February 16 – April 29, 2017
Thursday, February 16 // 5–7 p.m.
In her non-medium specific paintings, Nicole Awai moves fluidly between two and three dimensions, and employs popular commercial materials such as nail polish, to explore notions of identity and history. Born in Trinidad, Awai received her MFA in Multimedia Art in 1996 from the University of South Florida. She also attended the Skowhegan School of Painting and Sculpture in 1997. Her work has been included in several seminal exhibitions, including the first Greater New York: New Art in New York Now at P.S. 1/MoMA (2000); Open House: Working in Brooklyn (2004) and Infinite Island: Contemporary Caribbean Art (2007), both at the Brooklyn Museum; the 2008 Busan Biennale in Korea; and Global Caribbean: Focus on the Contemporary Caribbean Visual Art Landscape at the Museum of Contemporary Art, Puerto Rico (2011). Awai was a featured artist in the 2005 I.P.O. series at the Whitney Museum of American Art, New York. Her recent solo exhibitions include Asphaltum Glance, Alice Yard, Port of Spain, Trinidad (2013); Washington Square Windows installation Mi Papi, Dream On – Happy Ending…, 80wse Galleries, New York University (2012); and Almost Undone, The Vilcek Foundation, New York, NY (2011). Awai was awarded the Joan Mitchell Foundation Painters and Sculptors Grant in 2011 and an Art Matters Grant in 2013.
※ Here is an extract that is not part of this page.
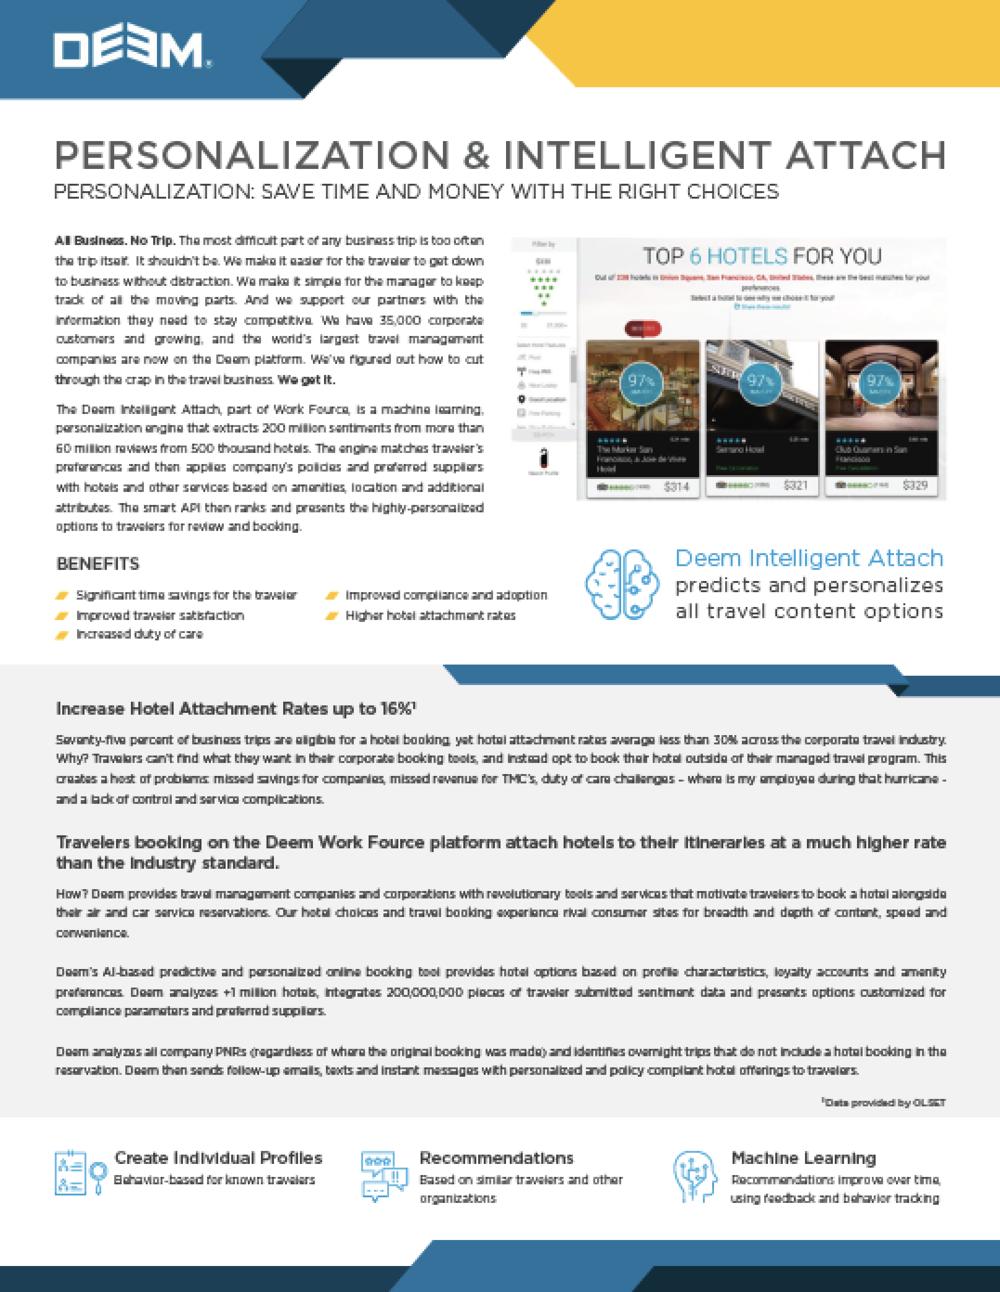 Personalization and Intelligent Attach -

September 29, 2016 – February 4, 2017
In Leviathans, Jiwon Park examines the flags of 206 sovereign nations, whether recognized by the United Nations or not. She turns these symbols of utopian aspirations to national cohesion into pie-chart-like objects, emphasizing their standardized character based on carefully calibrated percentages of colors. These cool, geometric, abstract forms raise questions: How do they engender patriotic fervor, rally and unite? How do these symbols generate perceptions of shared values and histories? The issues embedded in Park’s installation resonate strongly—especially today, when volatile national politics and global conflict has resulted in the greatest number of migrants ever recorded in history.
Born and raised in Seoul, Park is a graphic designer, visual communicator, educator and social entrepreneur. With professional experience in the private sector, including at Samsung Electronics, London-based Brand Environment Ltd., and her own design studio DAREZ Inc.; she is interested in using design processes to catalyze social change. She is a co-founder of the social enterprise 1/2 Project, as well as an organization called Design Can Do, which hosts interdisciplinary design-thinking workshops to engage diverse stakeholders in tackling local social issues.
A former Fulbright Scholar, Park received an MFA in Graphic Design from the Rhode Island School of Design and a BFA in Visual Information Design from Ewha Womans University. She is currently an assistant professor of Design in the Department of Art and Art History at The University of Texas at Austin.